DT
T a m á s D é n e s mathematician TD
free-lance expert
titoktan@freemail.hu
As long as there has been written communication
humans had the desire to conceal theit messages from the curious eyes of
others. The method of hiding one piece of information within another is called steganography.
The meaning of this Greek term is ‘covered writing’.
The first
examples from ancient Greece were documented by Herodotus. In one story
Demeratus wanted to notify Sparta that Xerxes intended to invade Greece. To
avoid capture, he scraped the wax off the tablets and wrote a message on the
underlying wood. Then he covered the tablets with wax again. The seemingly
blank tablets passed inspection by the sentries without suspicion.
Another method used in ancient Greece was to
shave the head of a messenger and tattoo a message on his head. After allowing
his hair to grow, the message would be undetected until the head was shaved at
the recipient’s place.
The most commom form of invisible writing from
ancient times up to World War II was the use of invisible inks, which
darken when heated. This allowed writing hidden messages between the lines of
an innocent letter. Common sources for invisible inks were milk, juices and
even urine. In World War II chemical inks came into use. They had to be
developed similar to photographs in a processing lab.
Steganography was booming in World War II.
Another method was to camouflage secret messages, which passed the enemy’s mail
filters. Because these methods became more and more insecure due to increasing
detection efforts, the Germans developed the microdot technology.
Microdots are photographs the size of a printed period having the clarity of
standardsized typewritten pages. The first microdots were discovered
masquerading as a period on a typed envelope carried by a German agent in 1941.

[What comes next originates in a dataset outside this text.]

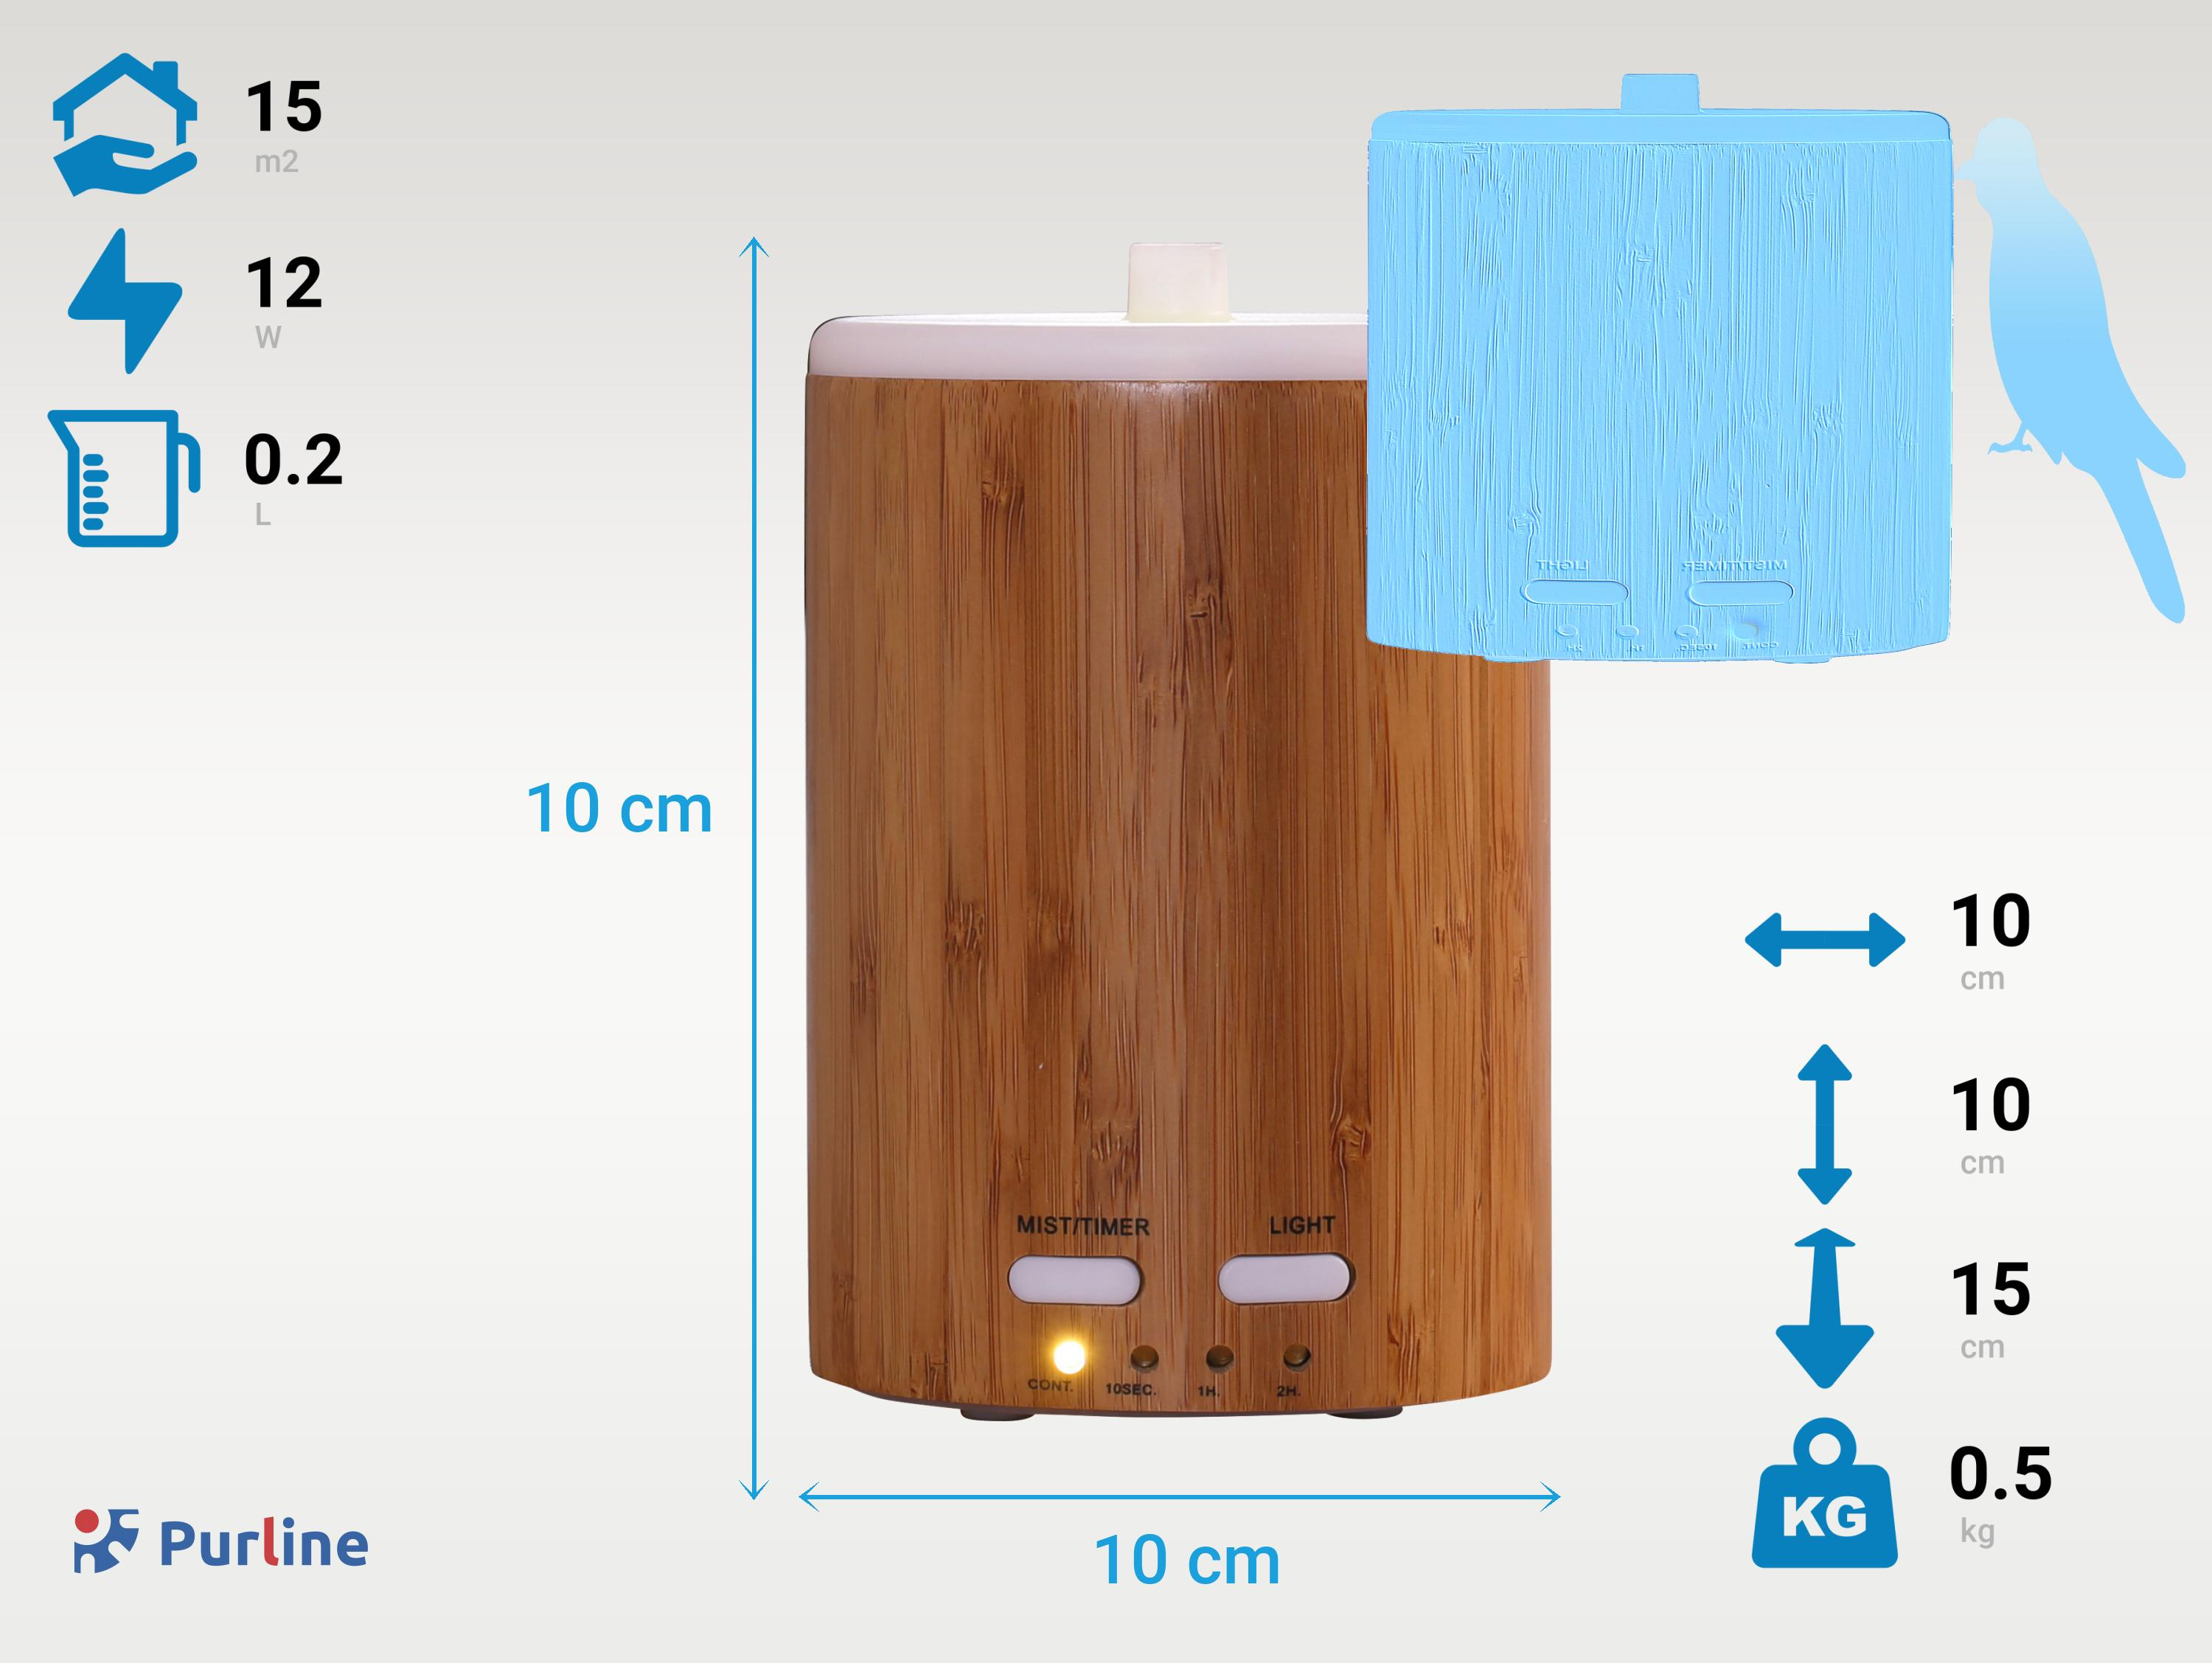 PURLINE Bambus-Ultraschall-Aroma-Diffusor 12W mit LED-Lichtwähler 15 (12 Diffuser Raumgröße: m²) Watt, Aroma Braun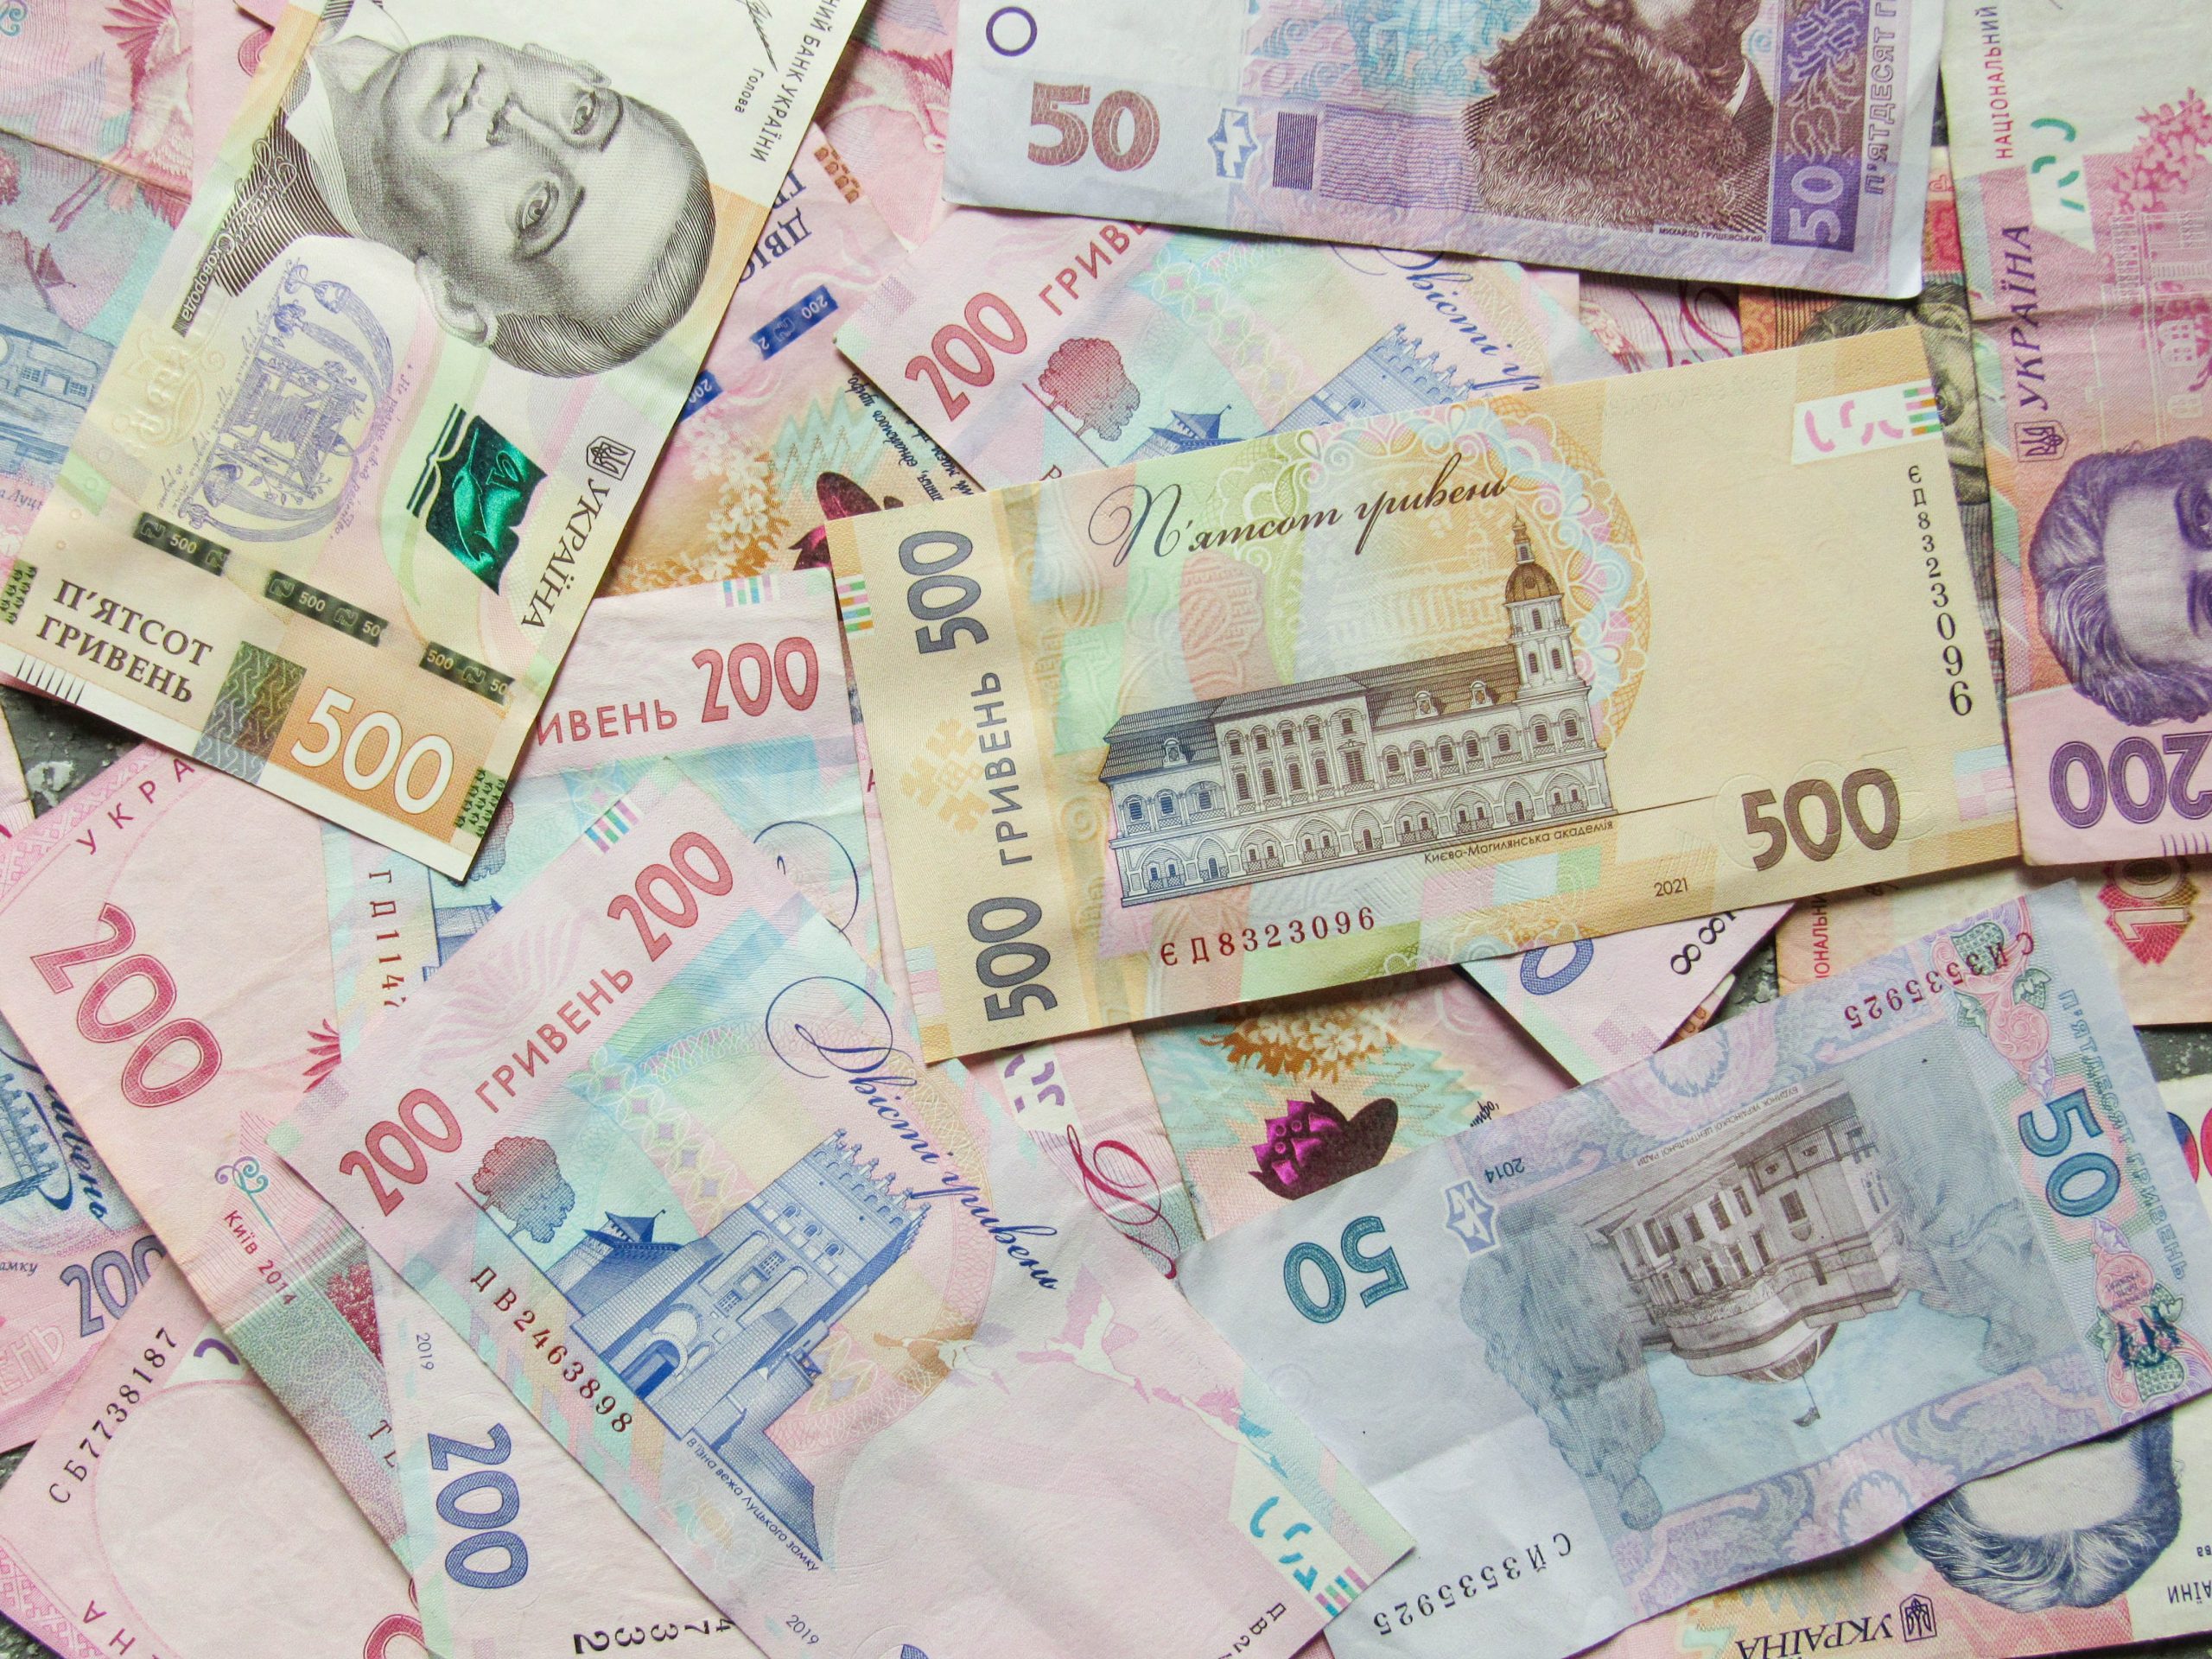 ukranian money

The message was neither hidden nor encrypted, but was too small to attract
attention – at least for a while.
Since the end of the war steganography has led a hidden life and seemed to have fallen into oblivion. This has changed only recently when digital communication became dominant. There are three main reasons that led to a renaissance of steganography.
Today there is a vast number of steganographic methods and applications available. Generally, any so-called ’container’ can be used to carry the embedded, hidden information. Let us take the example of digital images. The easiest way for hiding information is to set the least significant bits of the image pixels to the bits of the embedded information. Information embedded in this way may be invisible to the human eye. However, it would be relatively easy for a suspecting third party to detect and remove the information. Through trivial filtering processes the value of many of the least significant bits could be changed. One counter-method would be redundancy, embedding the mark several times.
However refined the methods may be, some experts see serious drawbacks. Neil Johnson and Sushil Jajodia from the Center for Secure Information Systems of George Mason University in Fairfax, Virginia, state in a contribution on steganalysis that hidden data, like watermarked images, „are not as robust as is claimed”. The risk of detection and destruction of the embedded message is considerable, especially if safe watermarking is advertised and potential ’crackers’ are made aware that there is some mark to remove. This happened some years ago to a well-known image software. What can generally be problematic is the balance between necessary bandwidth and the amount and robustness of hidden data.
History shows that the race between hide and seek is not always successful for the sender of the hidden information. A famous victim is Mary Queen of Scots, who conspired in 1586 to have Queen Elizabeth of England assassinated. However, the cipher she used was broken, and the English secret police caught the chief conspirator, to whom she wrote, which finally led to Mary’s arrest and execution.
Richard E. Smith, a US data security expert, said that he doesn’t „see many practical uses for steganography because it only works as long as nobody expects you to use it”. Others, like the steganography experts Ross J. Anderson and Fabian Petitcolas, think there are still a lot of oppurtunites for improvement. Their suggestion is to embed information in parity checks rather than in the data directly. This approach, they say, would allow to do public key steganography. The last word on steganography has not been spoken yet.
However, the risks of the Internet will increase the need for noteworthy tools, which help to reject various assaults on people’s privacy. The time for steganography might still be oncoming.